▶ [Task statement]:
Exclude the pictures and set down, unaltered, the lines from the one that holds "Zonne-lampen 8 LED" through the end of the data.

▶ [Source material]:
##############################
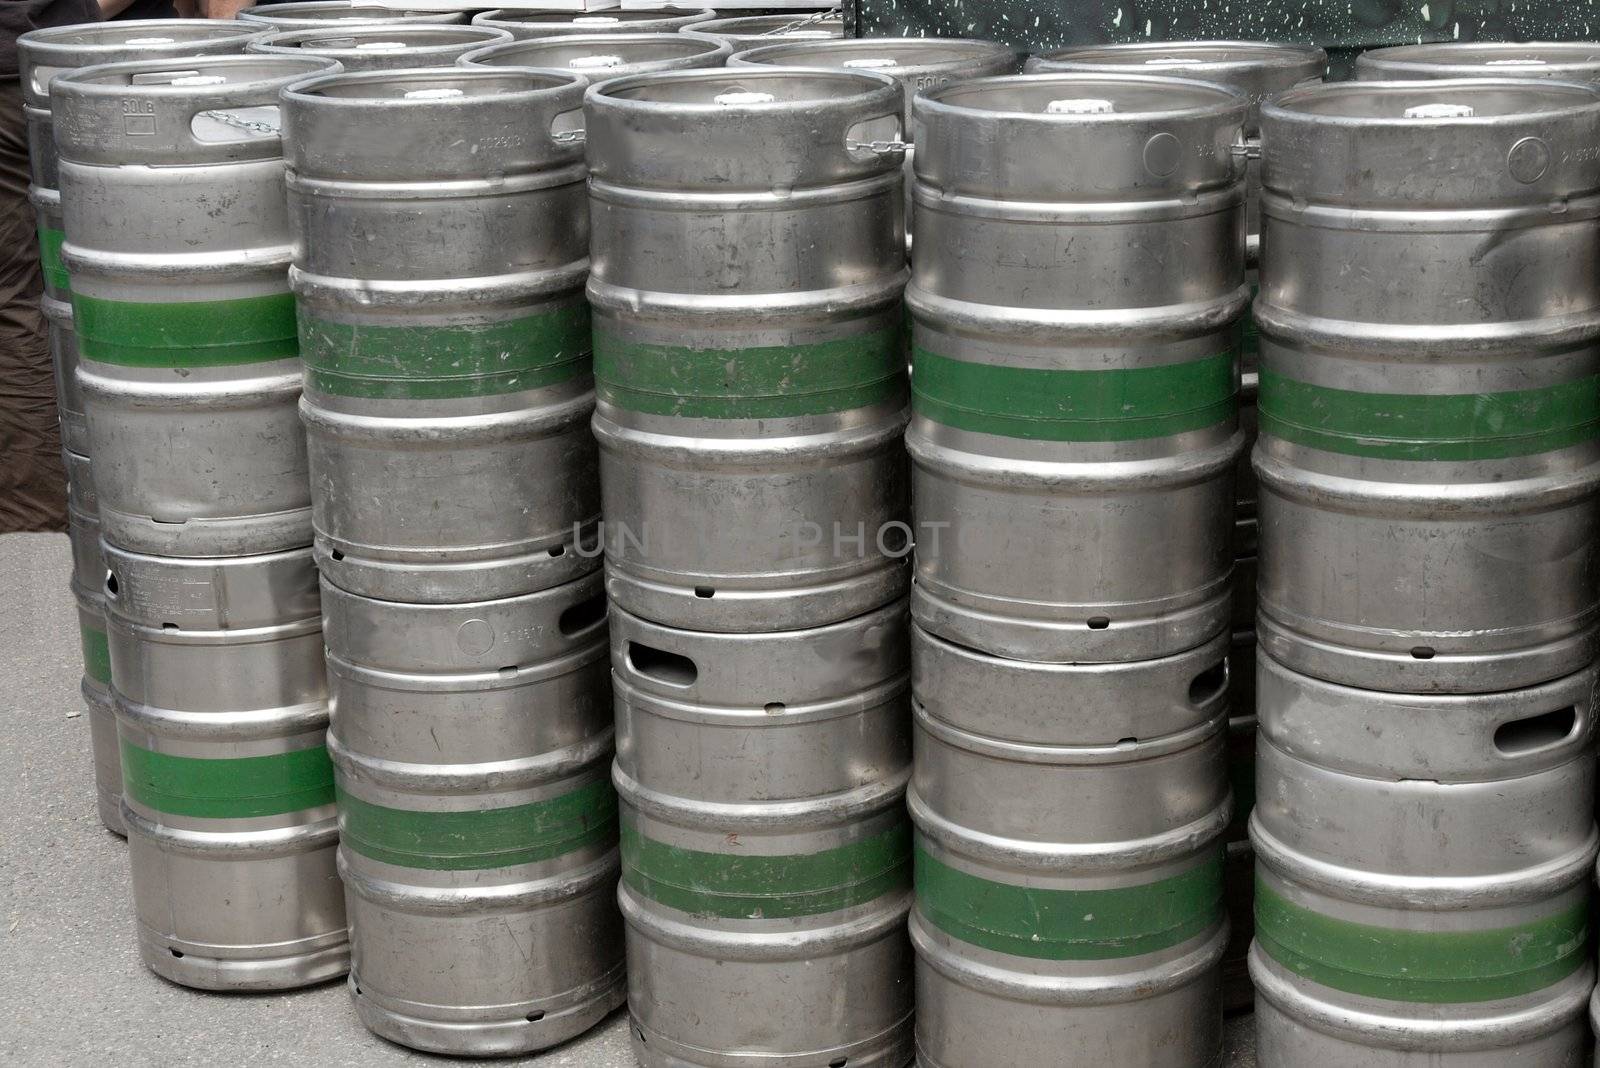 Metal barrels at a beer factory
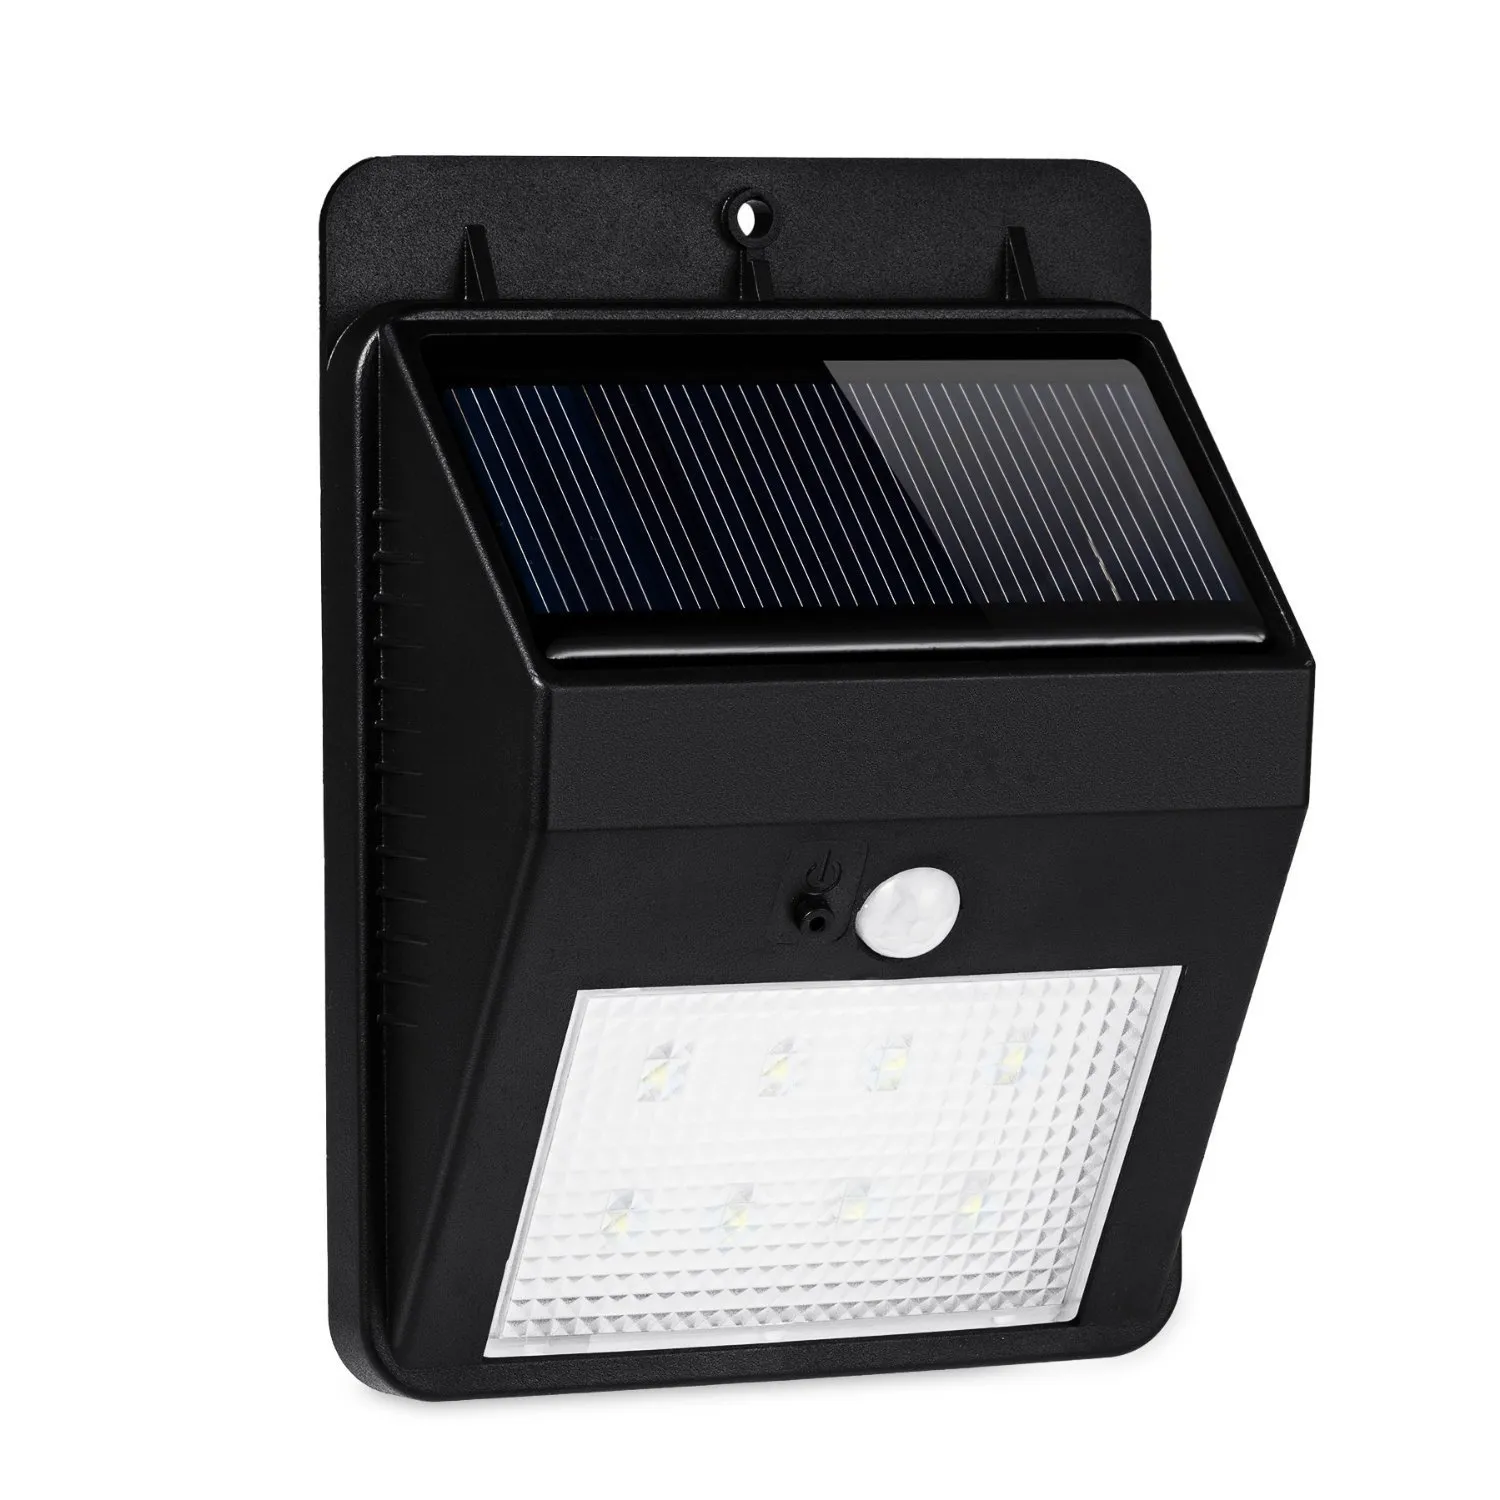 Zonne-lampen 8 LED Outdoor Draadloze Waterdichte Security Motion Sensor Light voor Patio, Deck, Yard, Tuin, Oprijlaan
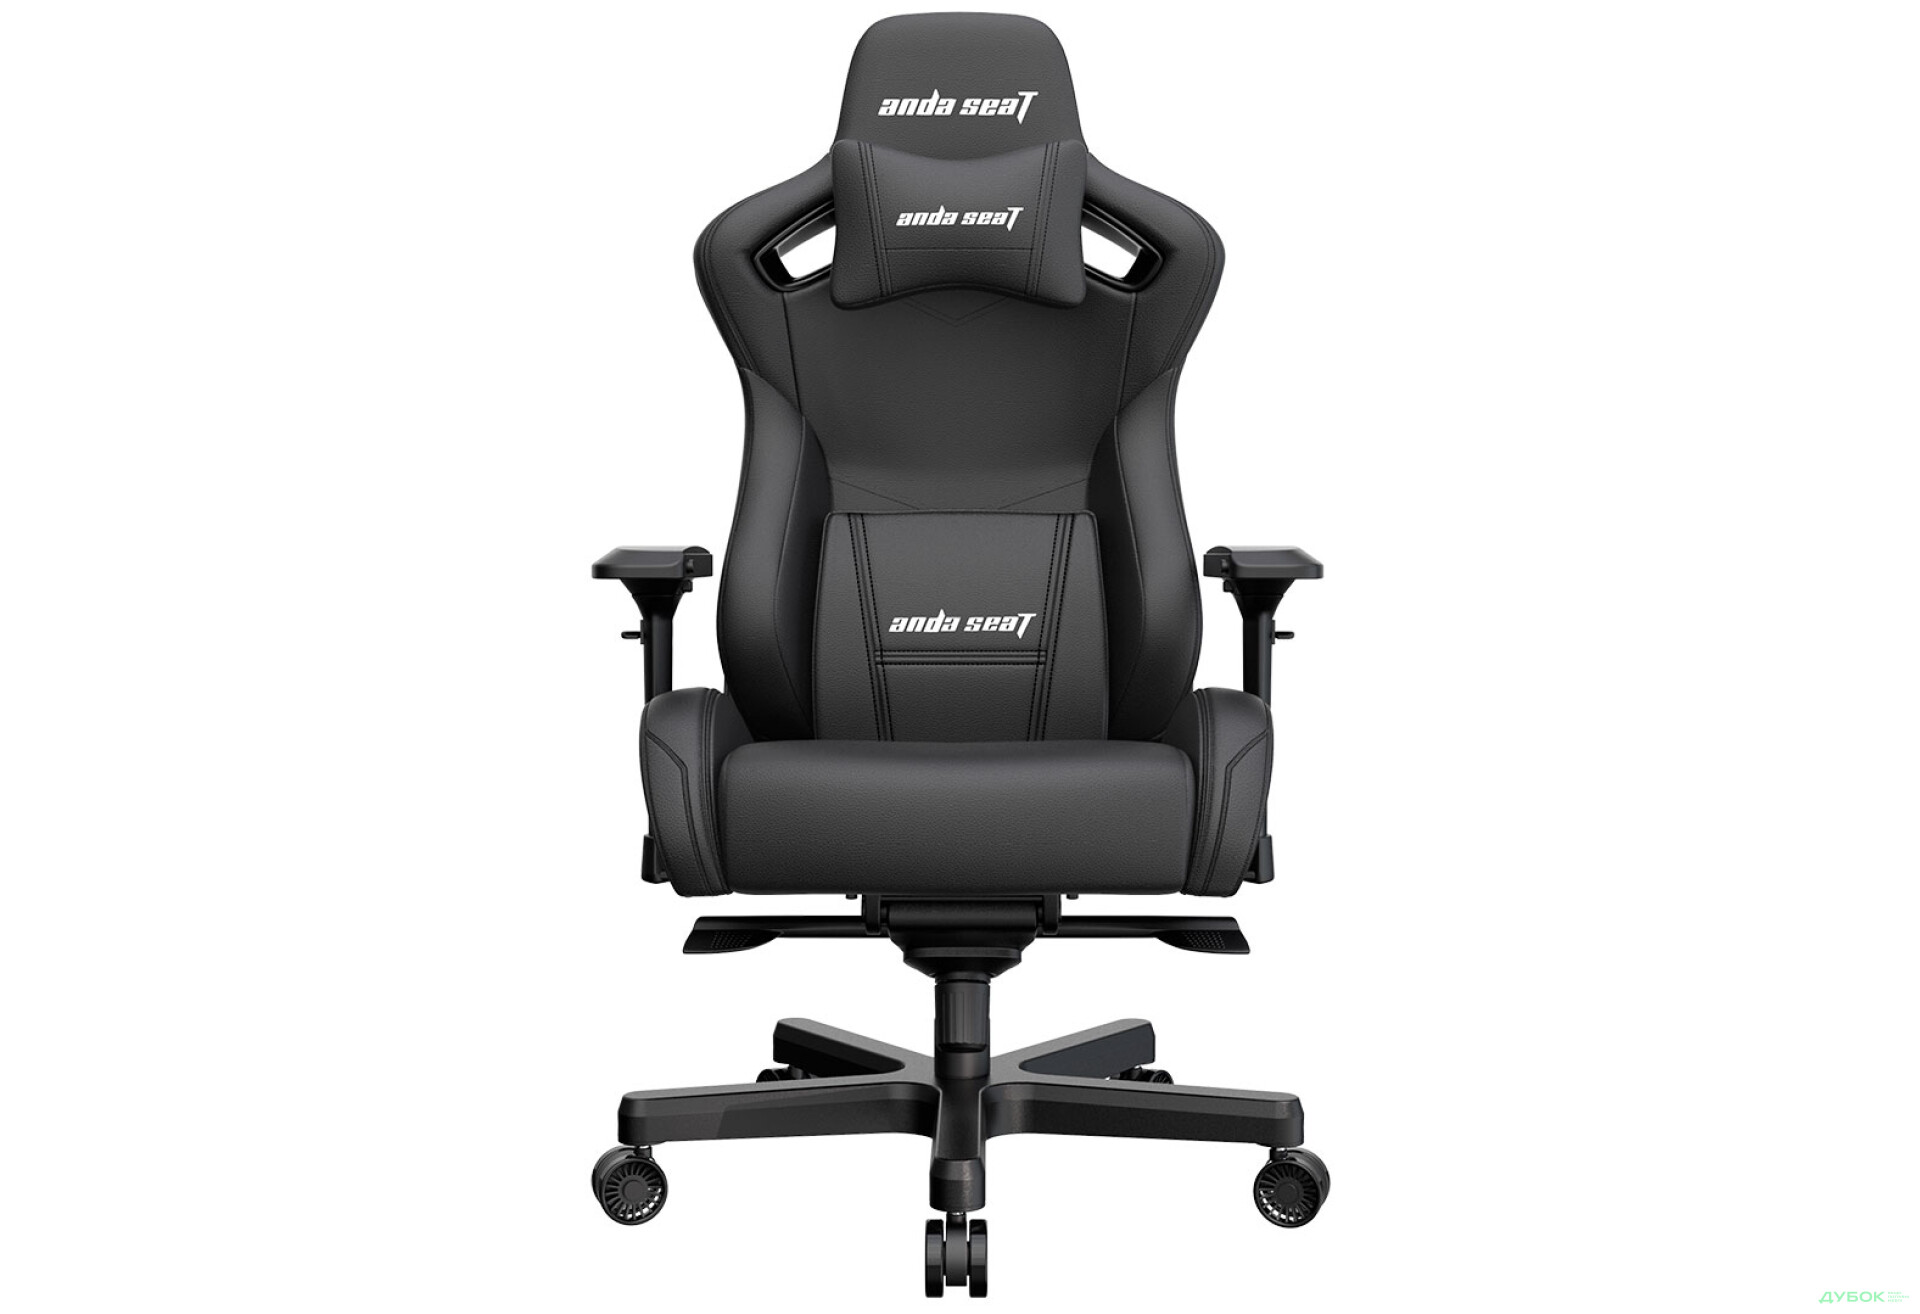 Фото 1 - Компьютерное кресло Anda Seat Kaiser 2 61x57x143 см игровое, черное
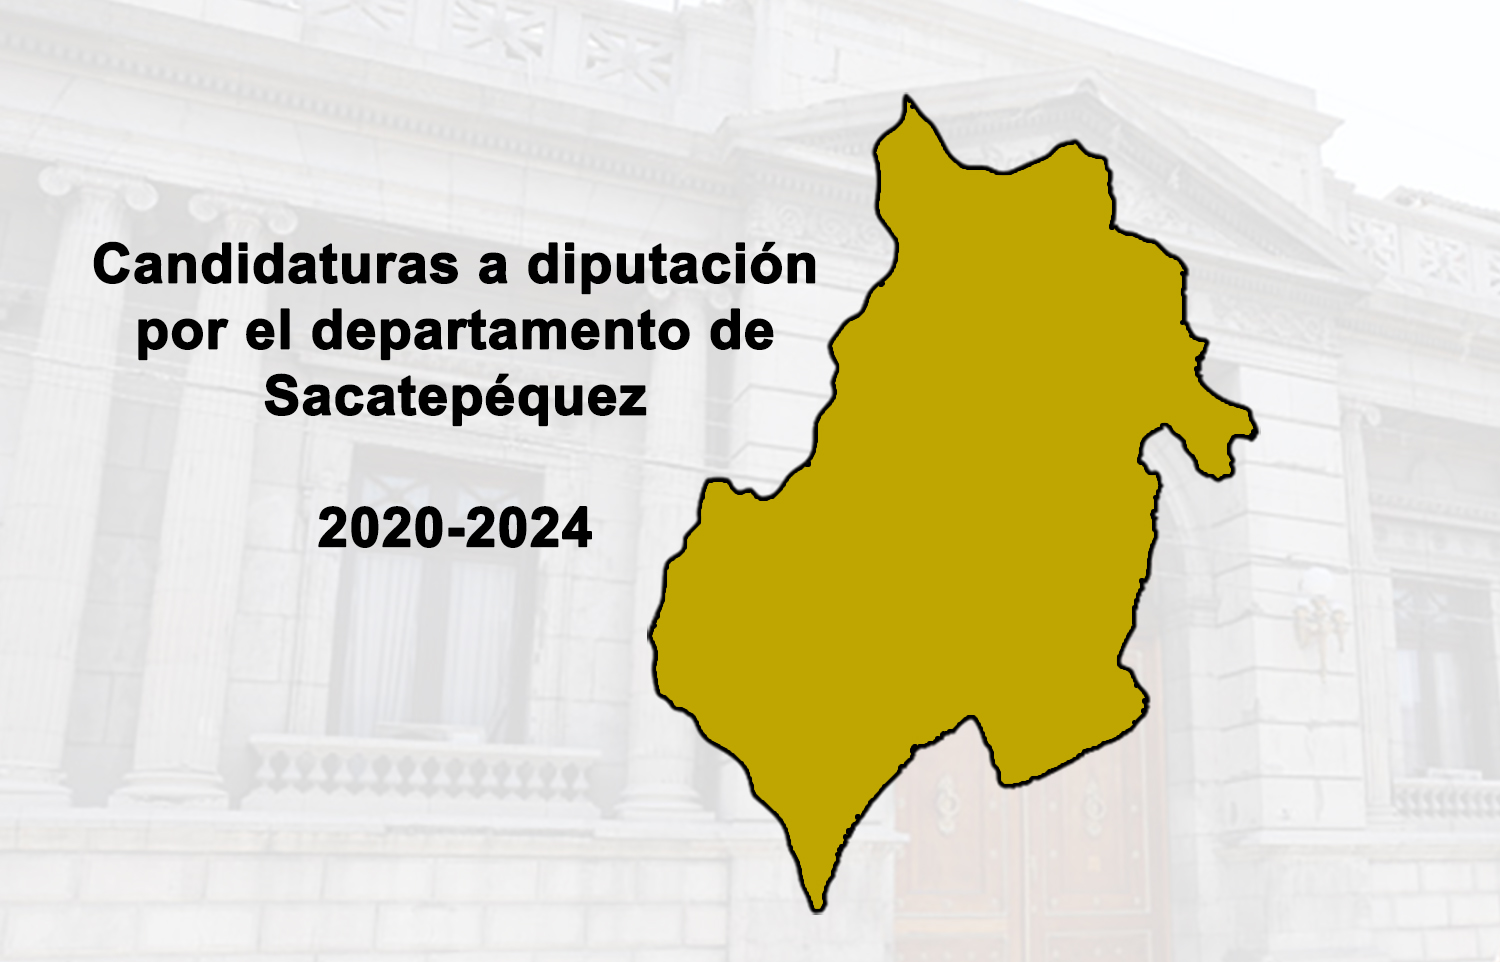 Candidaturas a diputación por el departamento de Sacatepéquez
##############################
▶ [Task output]:
 Zonne-lampen 8 LED Outdoor Draadloze Waterdichte Security Motion Sensor Light voor Patio, Deck, Yard, Tuin, Oprijlaan
 Фото 1 - Компьютерное кресло Anda Seat Kaiser 2 61x57x143 см игровое, черное
 Candidaturas a diputación por el departamento de Sacatepéquez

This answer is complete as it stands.